Judah estaba mirando a Ann-Hari con expresión opaca. La abrazó largo rato, bajo la mirada de Cutter. Cutter se pasó la lengua por los labios. Cutter esperó. Judah se volvió hacia él y con algo que era en parte una sonrisa lo abrazó también, y Cutter dejó que su peso, por un momento fugaz, descansara sobre Judah. Cerró los ojos, apoyó la cabeza y luego volvió a erguirse. Los raíles se veían desde allí.

Miraron, los tres, se miraron los unos a los otros. Allí estaba, el hombre alto flaco y cano, Judah Low. ¿
Qué eres
?, pensó Cutter. Alrededor de Judah había señales que indicaban que había estado esperando. Una botella de agua. Los arcanos residuos de su arte. Un catalejo.

En aquel lugar no había nadie a su alrededor. El último viraje antes de la ciudad. Los dracos volvieron a pasar sobre ellos, dando vueltas y lanzando avisos histéricos al pasar.

—¿Qué has estado haciendo? —dijo Cutter—. ¿Qué estás haciendo? No van a parar, Judah, no quieren dar la vuelta. Lo he intentado.

—Lo sé. Ya sabía que no lo harían. No importa.

—¿Qué ha pasado en la ciudad?

—Oh, Cutter: ha acabado, todo ha acabado. —Judah hablaba con una placidez acobardada. Su mirada pasó entre Cutter y Ann-Hari y se detuvo en la curva de las vías, en la dirección por la que llegaría el tren perpetuo. Volvió a mirarlos, volvió a mirar las vías. Su atención se desplazaba incesantemente.

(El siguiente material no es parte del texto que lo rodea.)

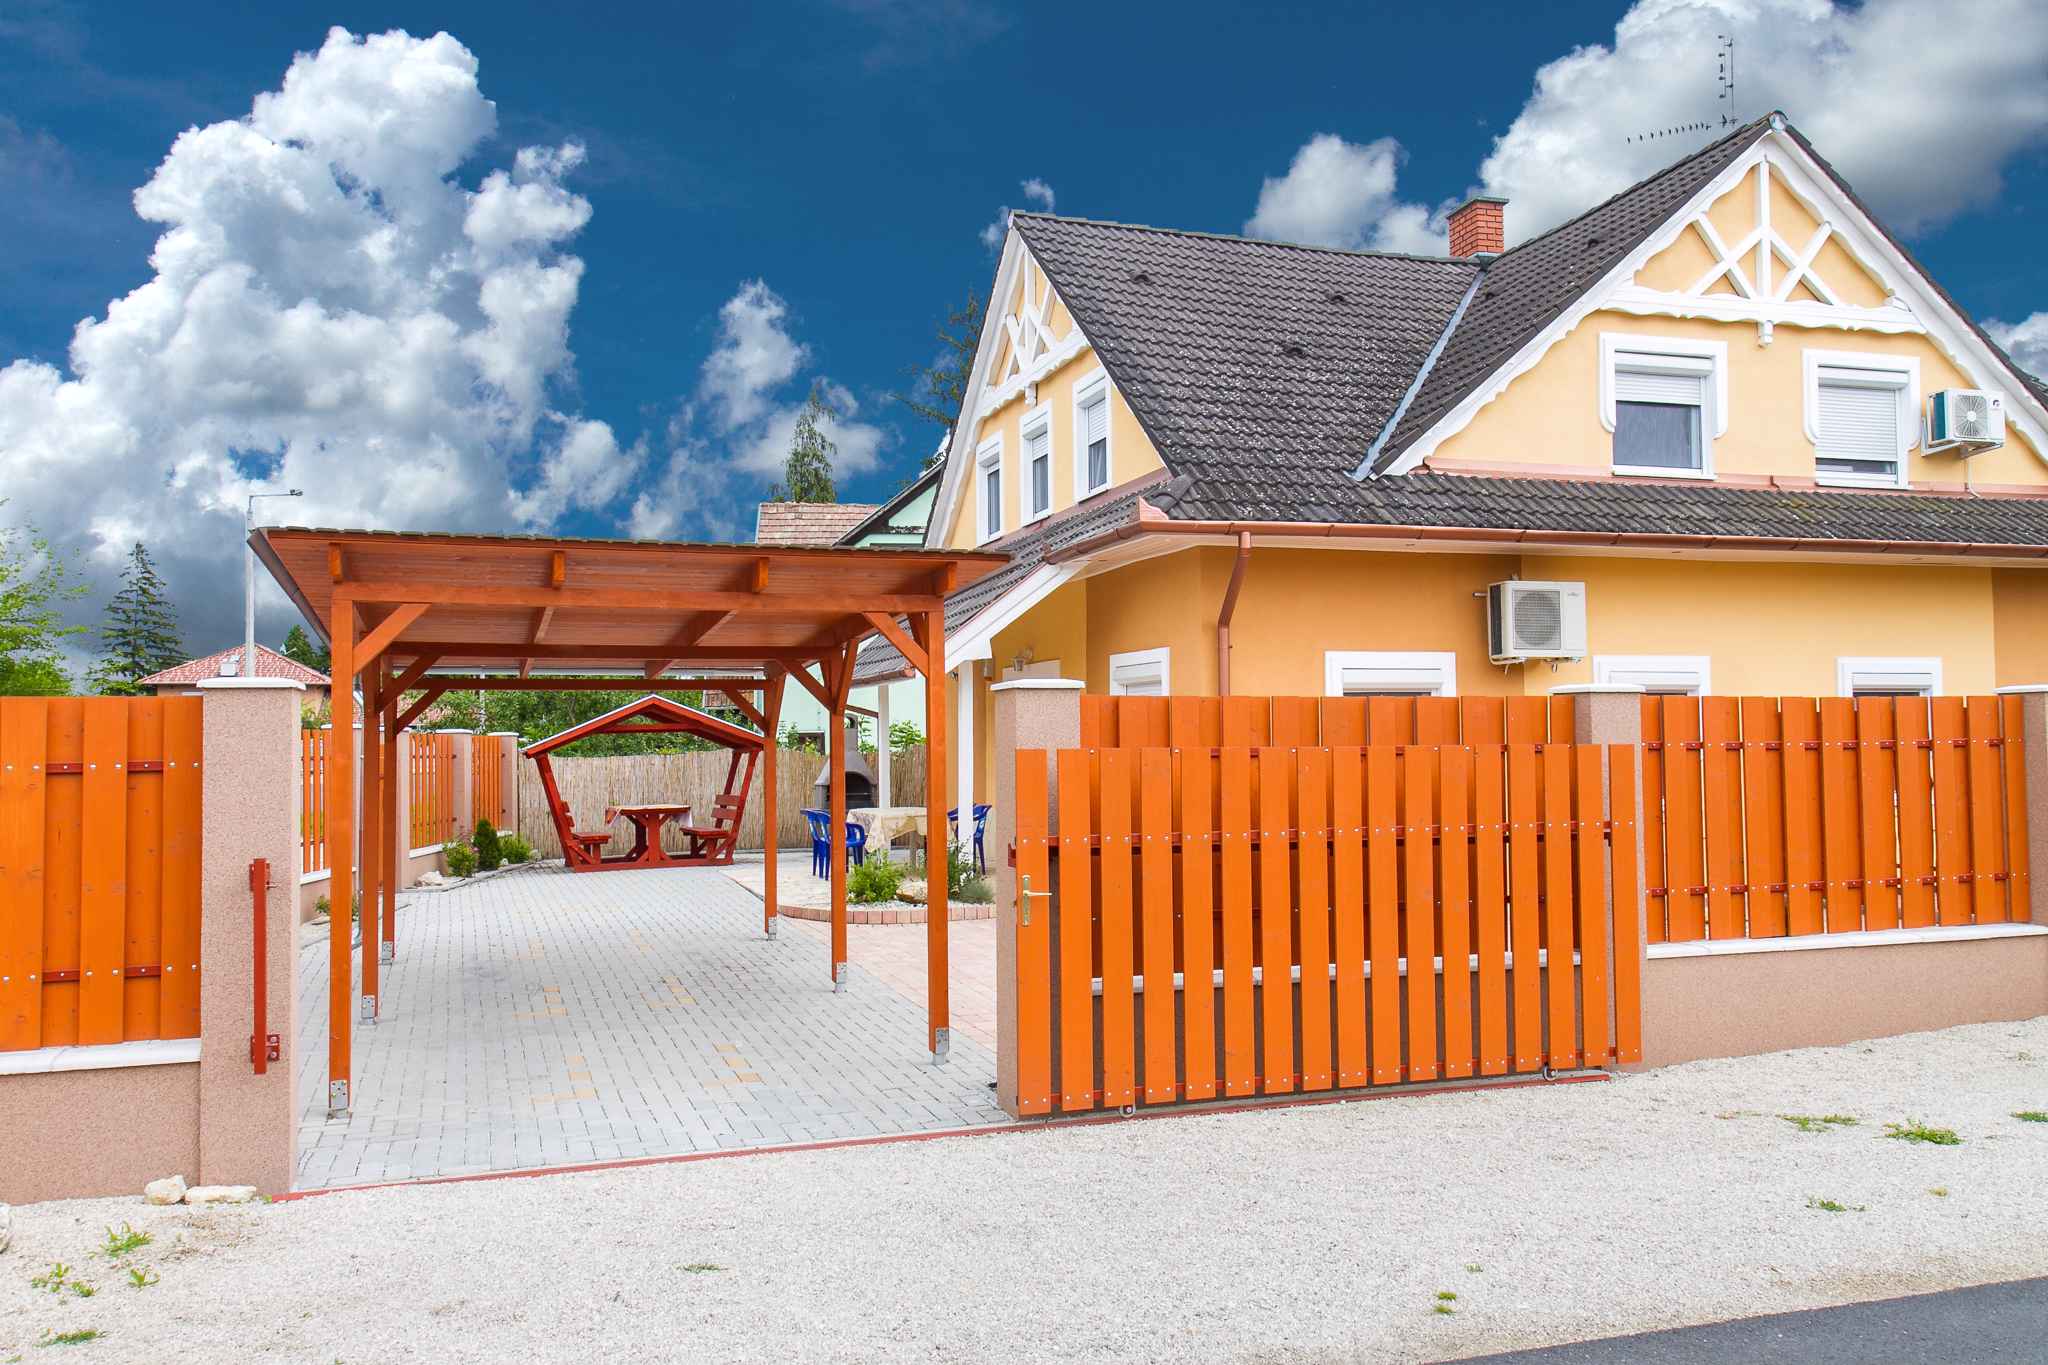 Ferienhaus in der Nähe einer Angelmöglic  in Ungarn

—¿Qué vamos a hacer? —dijo Cutter.

—Ya no hay nada que hacer —dijo Judah—. Ya no es lo mismo. La ciudad… ha vuelto a cambiar.

—¿Por qué estás aquí, Judah? —dijo Ann-Hari—. ¿Para qué has venido aquí, Judah Low? —Había una expresión de complicidad en su rostro. Estaban sonriéndose. Con un pequeño jugueteo en la voz. A pesar de la carnicería que se avecinaba, a pesar de que había visto a la milicia, seguía habiendo algo travieso en ella. Alargó los brazos y lo tocó una y otra vez, y él a ella. Lo que estaban transmitiéndose era como un animal salvaje que pasaba del uno al otro. Judah se asomó sobre su hombro y luego volvió a mirarla.

—¡Judah! —gritó Cutter, y Judah se volvió hacia él.

—Sí, sí, Cutter —dijo—. Claro. —Estaba tranquilo—. ¿Por qué has venido?

—¿Qué has hecho, Judah? —dijo Cutter. Pero hubo un ruido y Judah soltó un jadeo de felicidad, igual que un niño pequeño y saltó sobre las puntas de los pies, también igual que un niño. Había lágrimas en sus ojos. Sonreía y lloraba.